White R, Kopchok G, Zalewski M, Ayres B, Wilson E, de Virgilio C, Donayre C
Division of Vascular Surgery, Harbor-UCLA Medical Center, Torrance 90509, USA.
Ann Vasc Surg. 1996 Jul;10(4):336-46. doi: 10.1007/BF02286777.
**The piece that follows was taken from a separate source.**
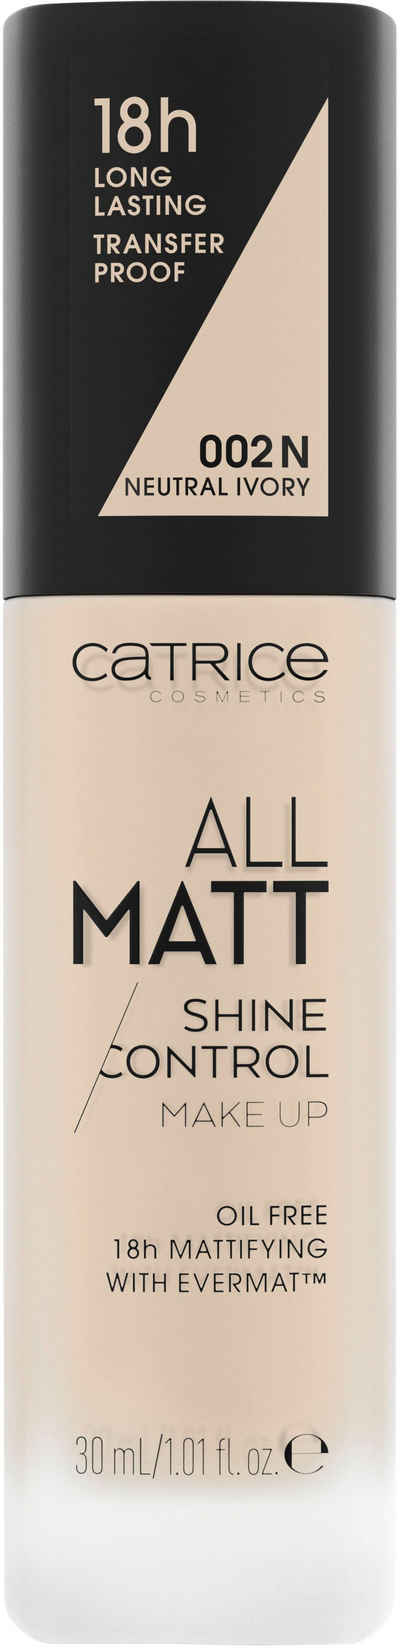 Catrice Foundation All Matt Shine Control Make Up

This study evaluated the deployment and short-term healing of thin-walled expanded polytetrafluoroethylene (ePTFE) stented grafts and covered stents as endoluminal prostheses in normal canine aortas and in an abdominal aortic aneurysm (AAA) model. Stented grafts consisted of a 7 cm length of 3 mm internal diameter ePTFE graft (Impra, Inc., Tempe, Ariz.) with two P-188 Palmaz stents (Johnson & Johnson Interventional Systems, Warren, N.J.) deployed along the inner surface of the ends of the graft to secure the prosthesis to the arterial wall. Covered stents were fabricated by placing a 3.7 cm length of 3 mm internal diameter thin-walled ePTFE graft over a P-394 Palmaz stent. Four covered stents and four stented graft prostheses (two of each prototype in the normal canine aorta and AAA model) were implanted in eight animals. One prosthesis of each type in each model was removed at 30 days and one at 60 days. Prior to removal, prostheses were evaluated by CT scan, arteriography, and intravascular ultrasound imaging with values compared to those obtained when the prostheses were deployed. Gross inspection and microscopic evaluation were performed at scheduled explantation. In general, the stented grafts were more difficult to accurately deploy. Healing and maintenance of long-term patency without significant luminal obstruction or occlusion occurred in only one 30-day sample in a normal canine aorta. The 30-day stented graft specimen that had been implanted in an AAA and required the addition of a covered stent to seal a maldeployment of the distal segment was also patent. The 60-day stented graft in the normal canine aorta was occluded with narrowing of the graft between the stents. The 60-day stented graft in the AAA was patent with one central fold and thrombus occupying approximately 20% to 30% of the lumen at this site. In contrast, the covered stent devices were less difficult to accurately deploy. All of the covered stent devices were patent with well-incorporated surfaces. Deployment of covered stents was more accurate and less complicated compared to stented grafts. All patent endoluminal prostheses and stent surfaces were well incorporated into aortic tissues. Problems with graft narrowing, folding, and subsequent thrombosis occurred in the unstented segments of the stented grafts. These preliminary findings support the further development and use of completely supported (stented) devices as endoluminal prostheses.
本研究评估了薄壁膨体聚四氟乙烯(ePTFE)带支架移植物和覆膜支架作为腔内假体在正常犬主动脉和腹主动脉瘤(AAA)模型中的植入及短期愈合情况。带支架移植物由一段7厘米长、内径3毫米的ePTFE移植物(Impra公司,亚利桑那州坦佩)和两个P - 188 Palmaz支架(强生介入系统公司,新泽西州沃伦)组成,这两个支架沿移植物末端的内表面展开,以将假体固定在动脉壁上。覆膜支架是通过将一段3.7厘米长、内径3毫米的薄壁ePTFE移植物覆盖在一个P - 394 Palmaz支架上制成的。在八只动物体内植入了四个覆膜支架和四个带支架移植物假体(正常犬主动脉和AAA模型中各有两个每种原型)。在每个模型中,每种类型的一个假体在30天时取出,另一个在60天时取出。在取出之前,通过CT扫描、动脉造影和血管内超声成像对假体进行评估,并将评估值与假体植入时获得的值进行比较。在预定的取出时间进行大体检查和显微镜评估。总体而言,带支架移植物更难以准确植入。在正常犬主动脉中,仅一个30天的样本实现了长期通畅的愈合和维持,且无明显的管腔阻塞或闭塞。植入AAA模型中的30天带支架移植物样本,由于远端节段植入不当需要添加一个覆膜支架来封闭,该样本也是通畅的。正常犬主动脉中的60天带支架移植物被阻塞,支架之间的移植物出现狭窄。AAA模型中的60天带支架移植物是通畅的,有一个中央褶皱,此处血栓占据管腔的约20%至30%。相比之下,覆膜支架装置更易于准确植入。所有覆膜支架装置都是通畅的,表面整合良好。与带支架移植物相比,覆膜支架的植入更准确且更简单。所有通畅的腔内假体和支架表面都很好地整合到主动脉组织中。带支架移植物的无支架节段出现了移植物狭窄、折叠及随后的血栓形成问题。这些初步研究结果支持进一步开发和使用完全支撑(带支架)的装置作为腔内假体。